People with Myalgic Encephalomyelitis/Chronic Fatigue Syndrome (ME/CFS) and Long COVID experience a disruption to their brain connectivity during a mentally demanding task.

The new Griffith University research, published today, used ultra-high field MRI technology to investigate the significant reduction in brain connectivity in specific parts of the brain.

Professor Sonya Marshall-Gradisnik from Griffith’s National Centre for Neuroimmunology and Emerging Diseases said there were common symptoms experienced by people with ME/CFS or Long COVID with this study focusing on neurological features.

“The symptoms include cognitive difficulties, such as memory problems, difficulties with attention and concentration, and slowed thinking,” Professor Marshall-Gradisnik said.

Lead author and PhD candidate Maira Inderyas said the study saw participants undertake a cognitive test while inside the MRI machine to gauge their brain activity.

“The task, called a Stroop task, was displayed to the participants on a screen during the scan, and required participants to ignore conflicting information and focus on the correct response, which places high demands on the brain’s executive function and inhibitory control,” Ms Inderyas said.

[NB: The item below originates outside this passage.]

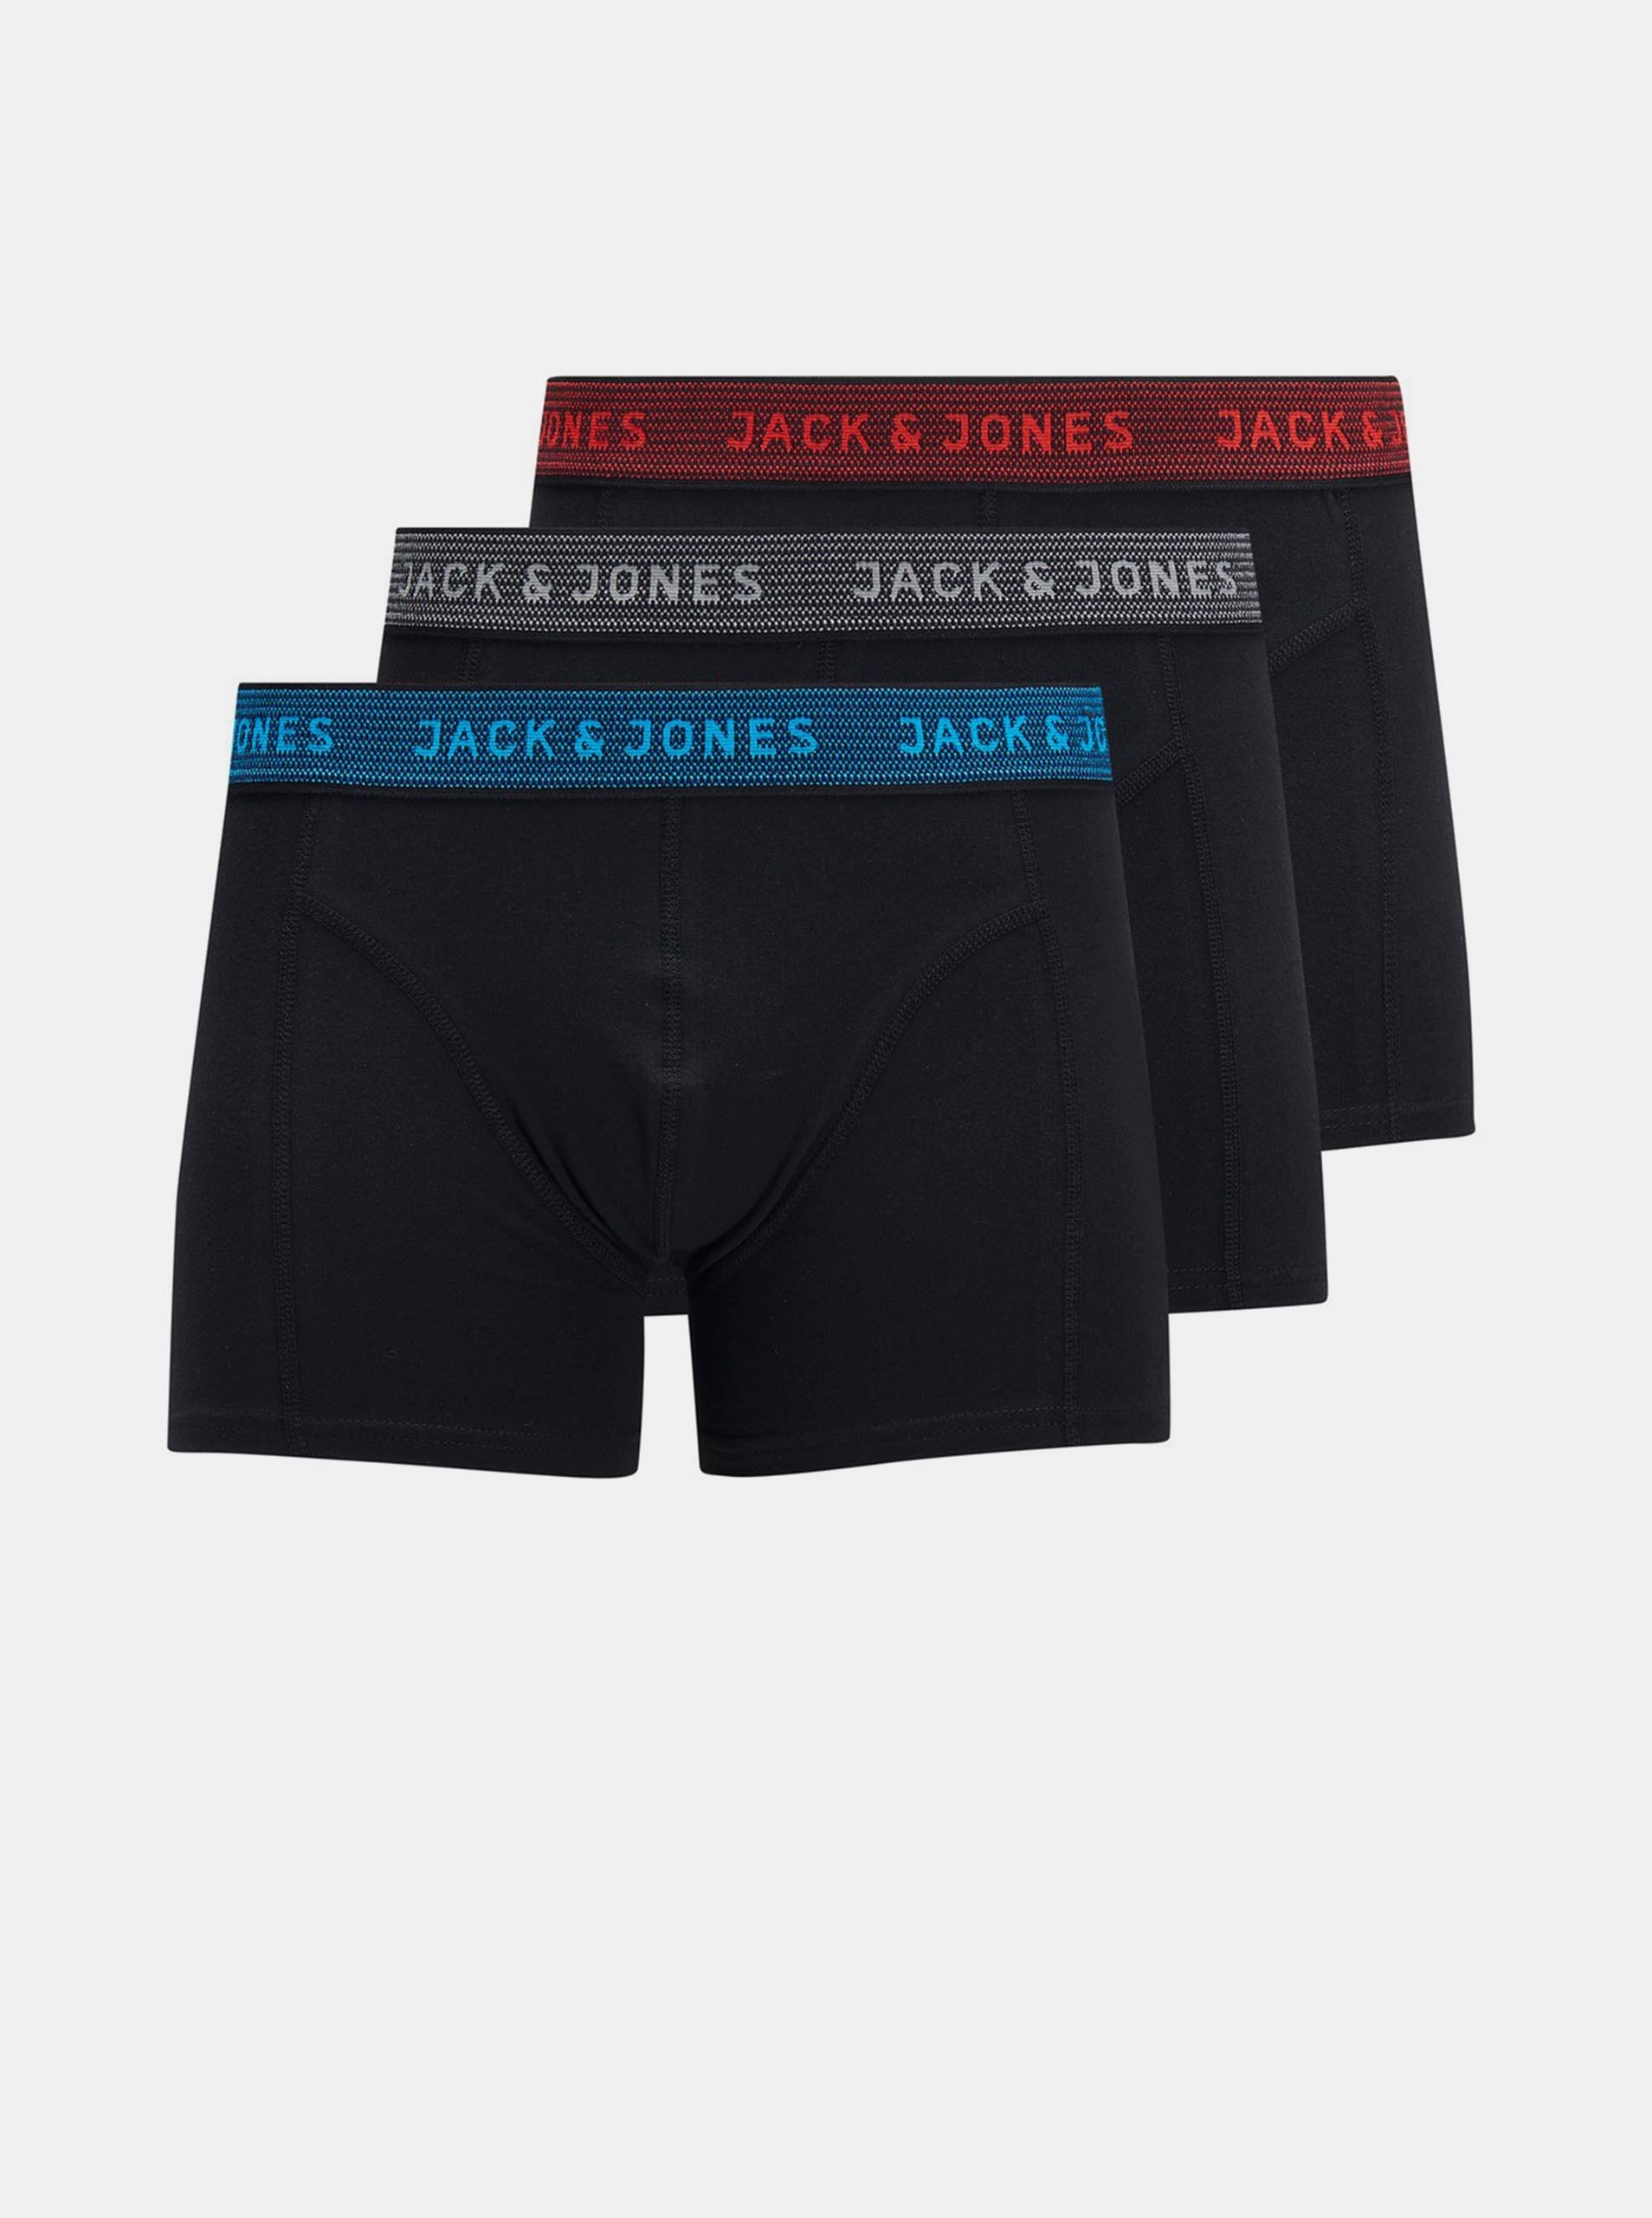 Fotografie Sada tří černých boxerek Jack & Jones

“The set up allowed us to precisely measure which areas of the brain were activated while the patient was performing a mentally demanding task.

“The scans show changes in the brain regions which may contribute to cognitive difficulties such as memory problems, difficulty concentrating, and slower thinking.”

The research supported what many people with ME/CFS and Long COVID experience which was that cognitive effort was not just tiring but could have real neurological impacts, and adequate rest was not optional but essential.

The ultra-high field MRI used in the study was one of only two available in Australia.

The research was funded by ME Research UK and the Stafford Fox Medical Research Foundation.

The paper ‘Distinct functional connectivity patterns in myalgic encephalomyelitis and Long COVID patients during cognitive fatigue: a 7 Tesla task-fMRI study’ has been published in the Journal of Translational Medicine.